» WHAT THIS TASK INVOLVES:
Repeat, exactly and in full, the lines of the listing below, but without any pictures.

» DATA SECTION:
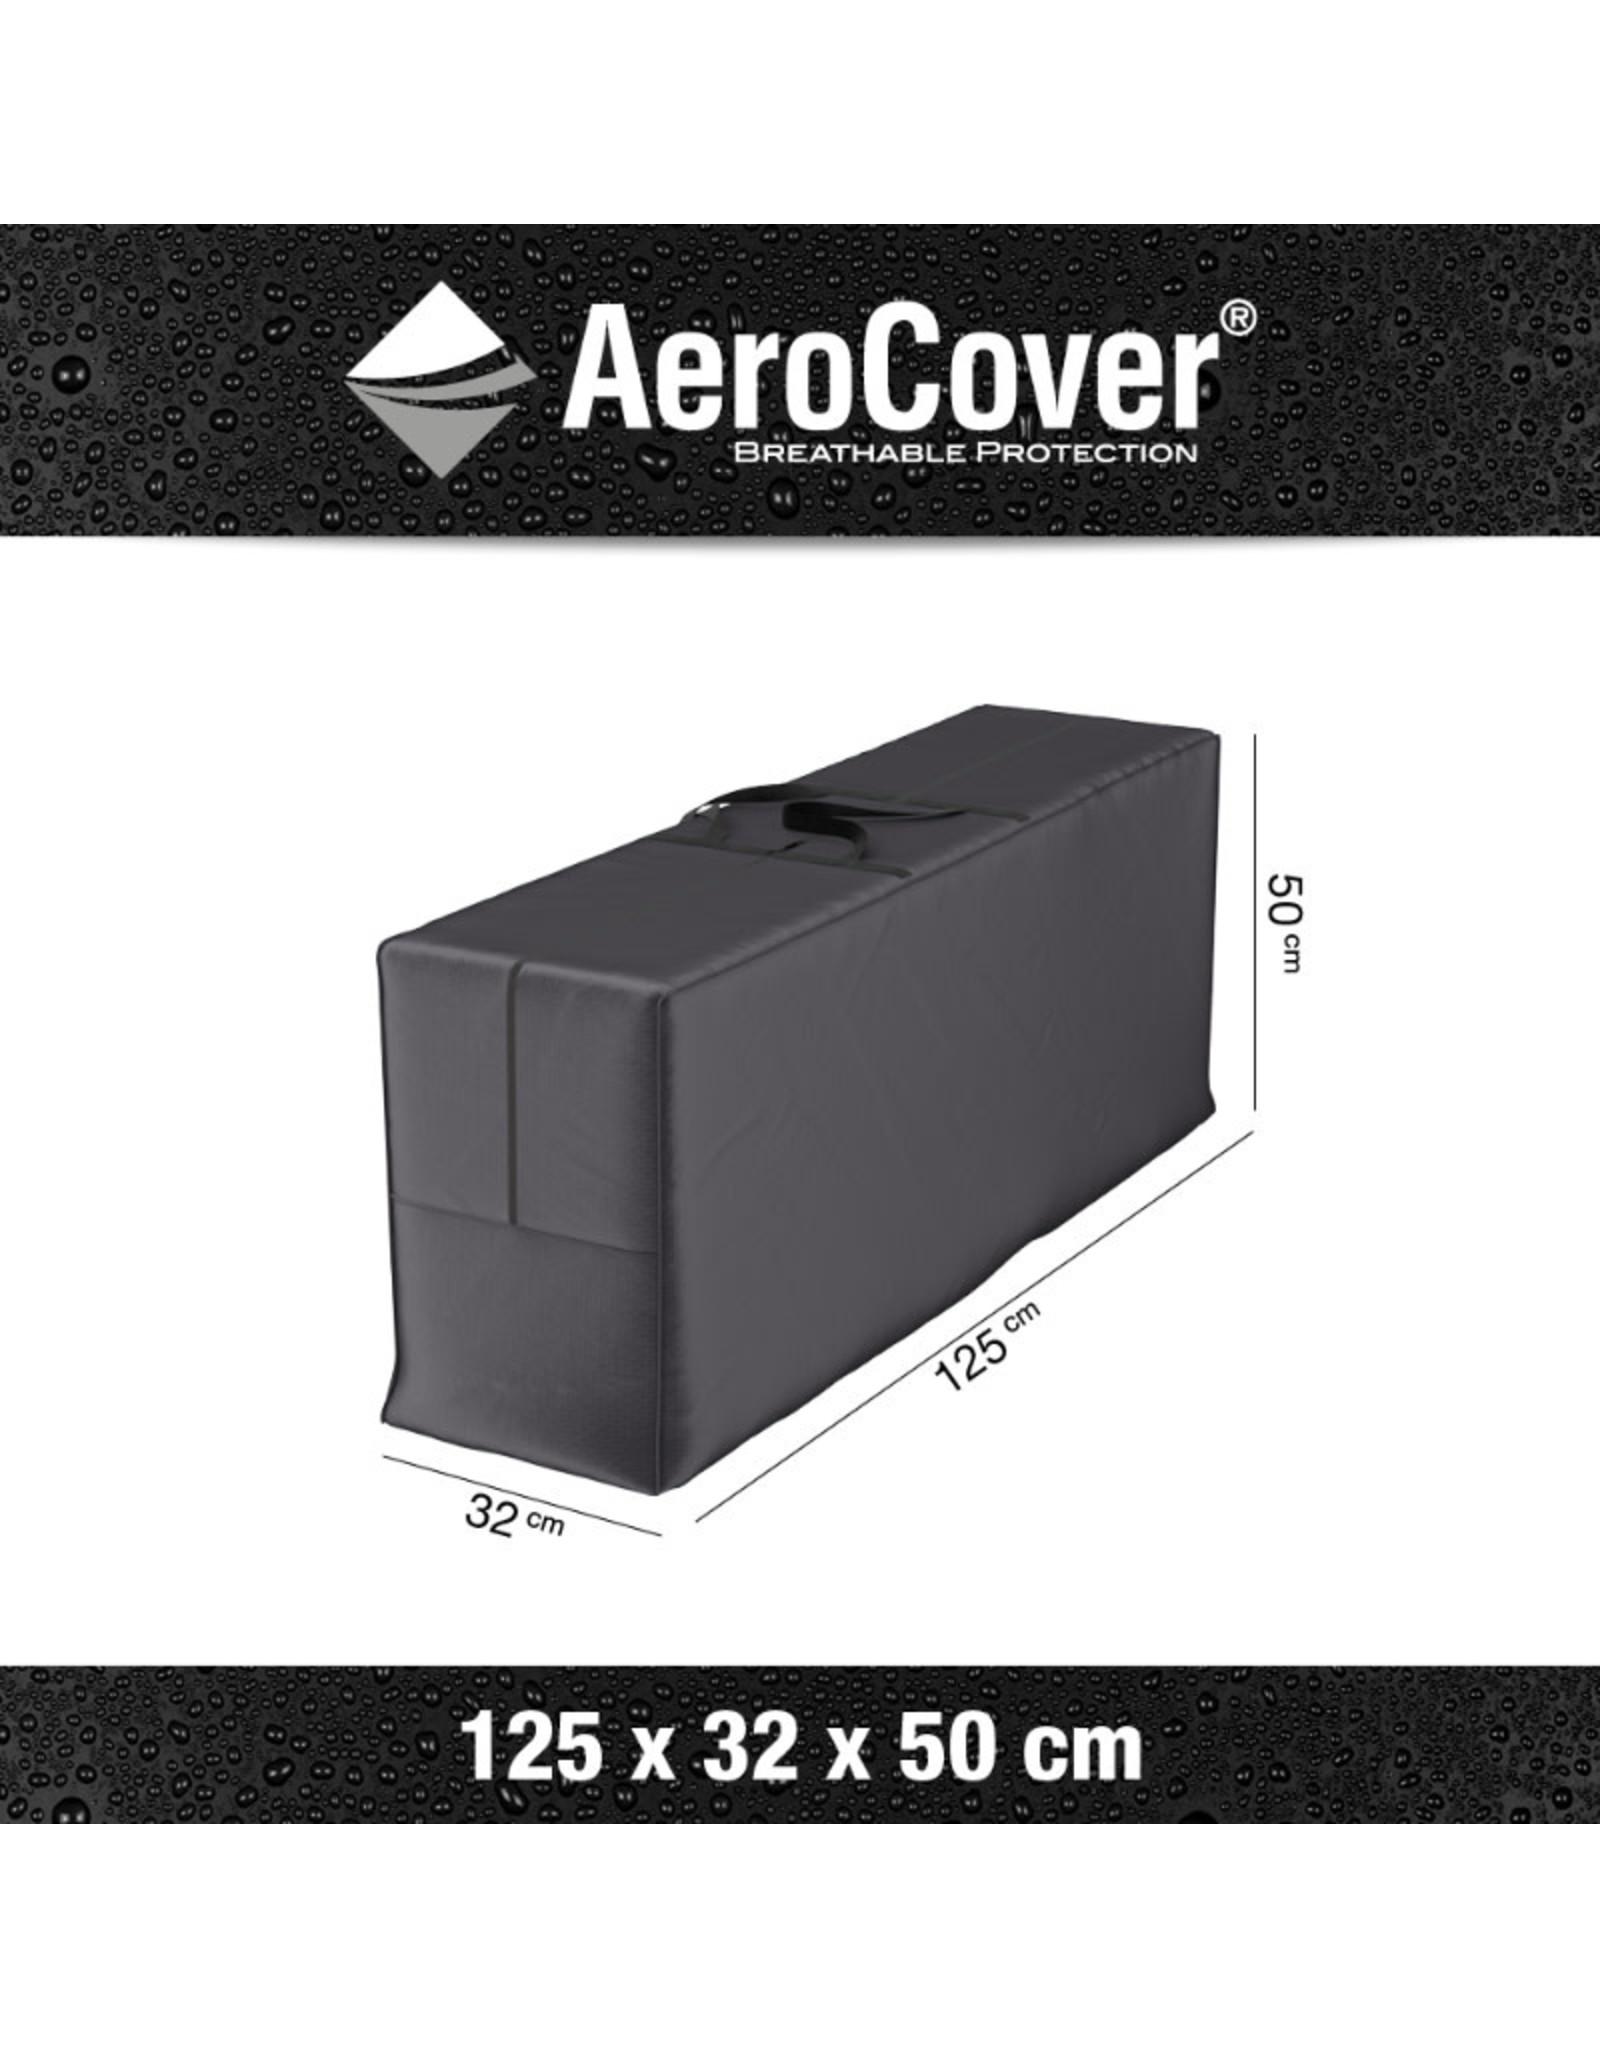 Aerocover Cushion bags from Aerocover 125x32xH50
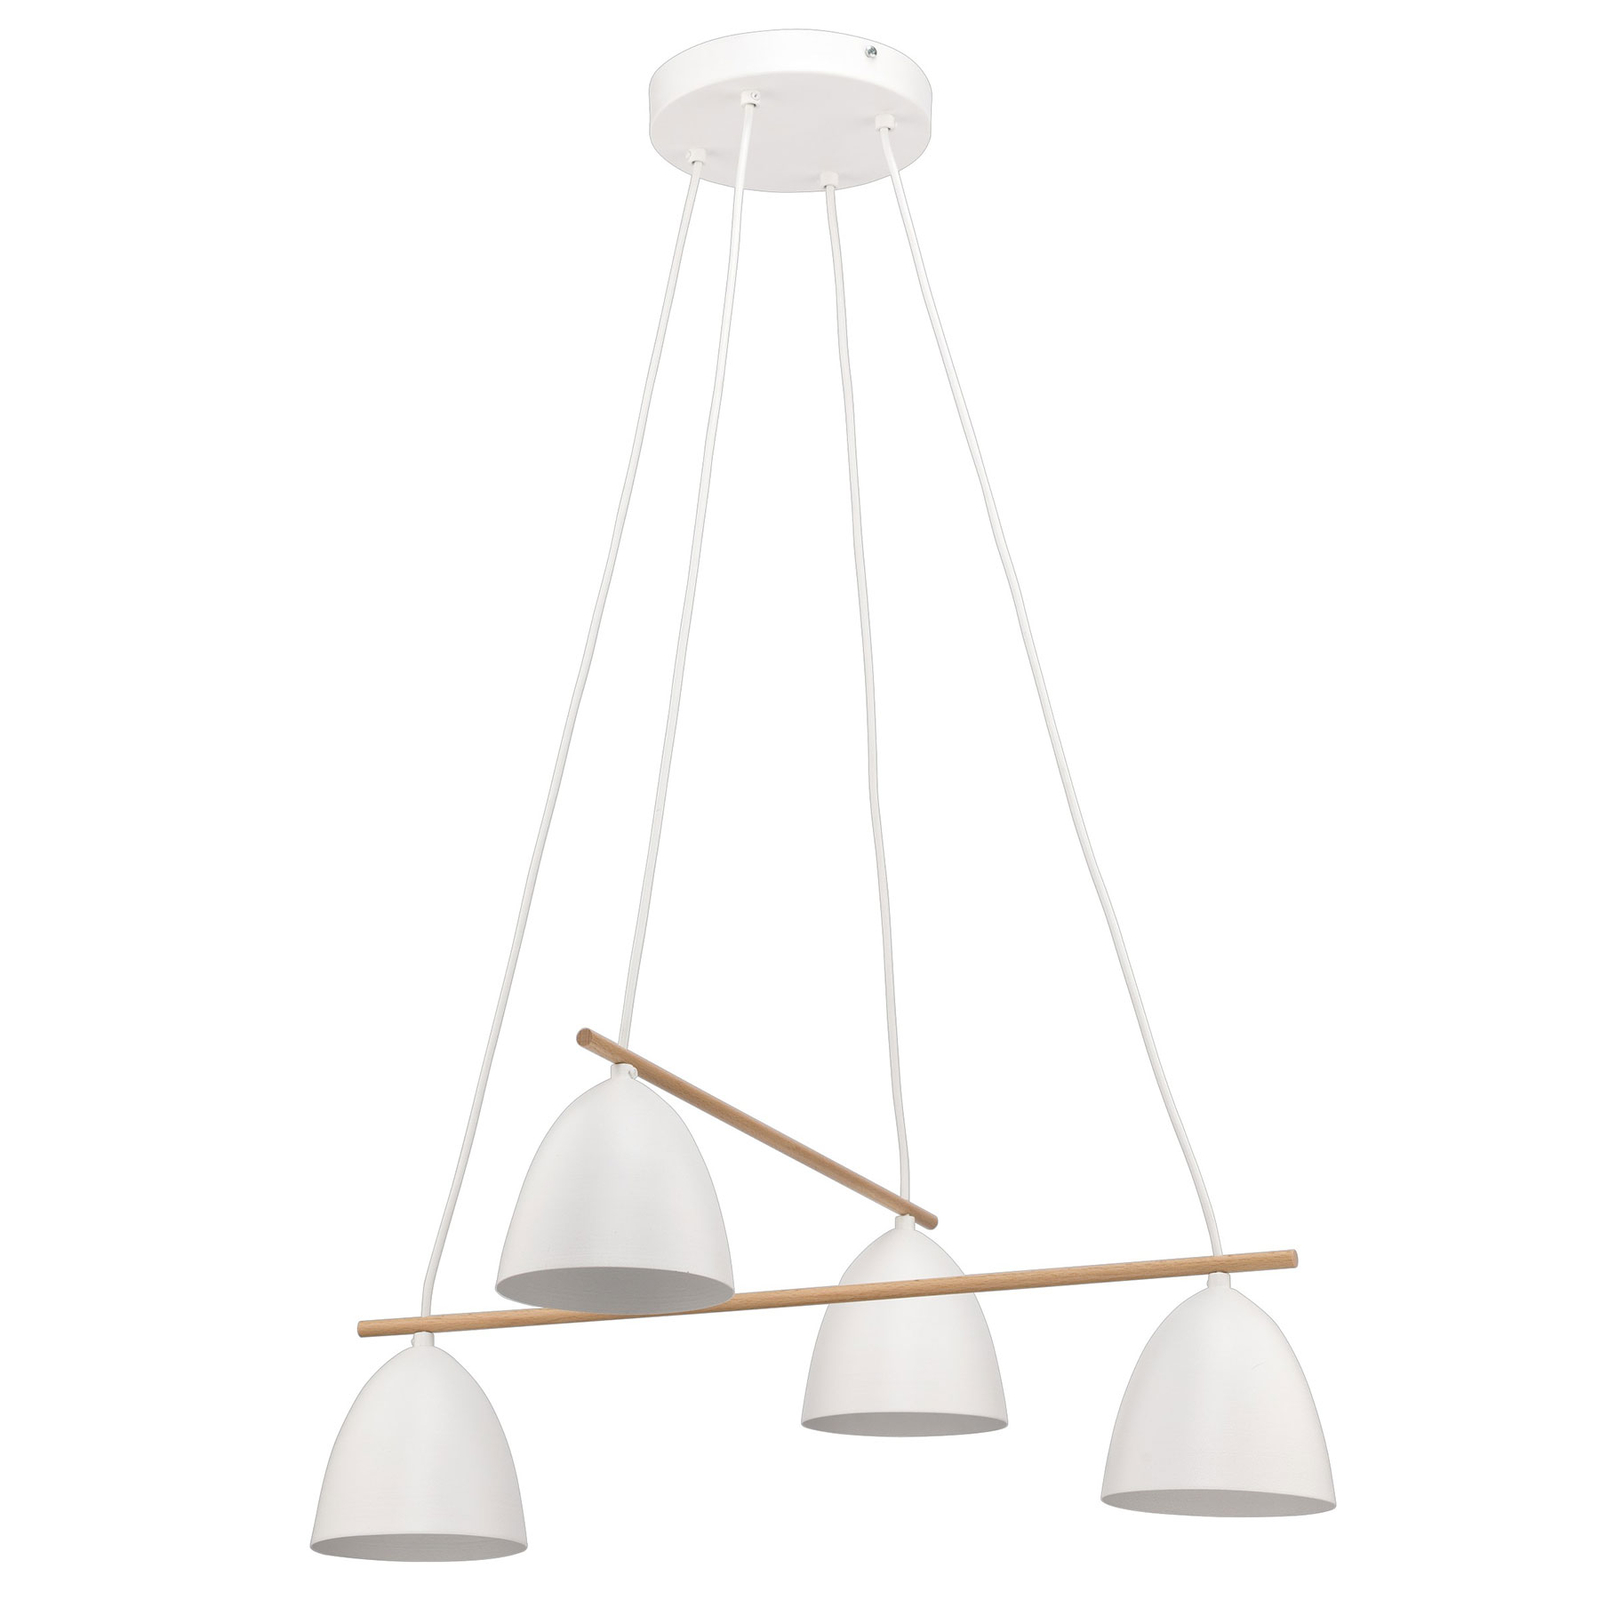 Lampa wisząca Aida, 4-punktowa, biała
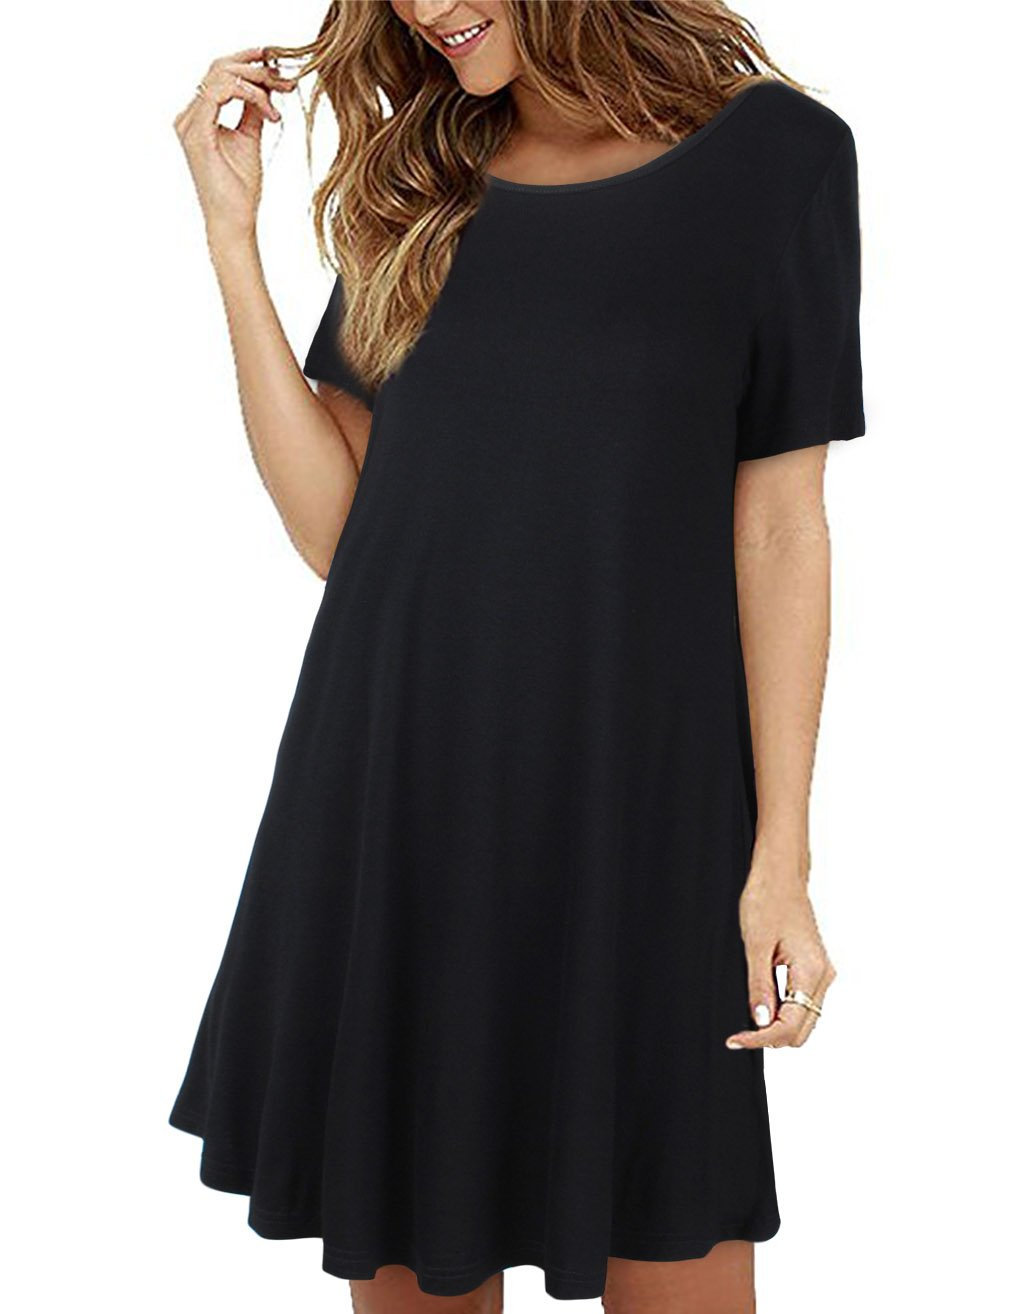 Faddare Womens Shirt Dress Short Sleeve, Teens Scoop Neck Basic Simple A-Line Tunic Dress, Black M

» TASK RESULT:
 Aerocover Cushion bags from Aerocover 125x32xH50
 Lampa wisząca Aida, 4-punktowa, biała
 Faddare Womens Shirt Dress Short Sleeve, Teens Scoop Neck Basic Simple A-Line Tunic Dress, Black M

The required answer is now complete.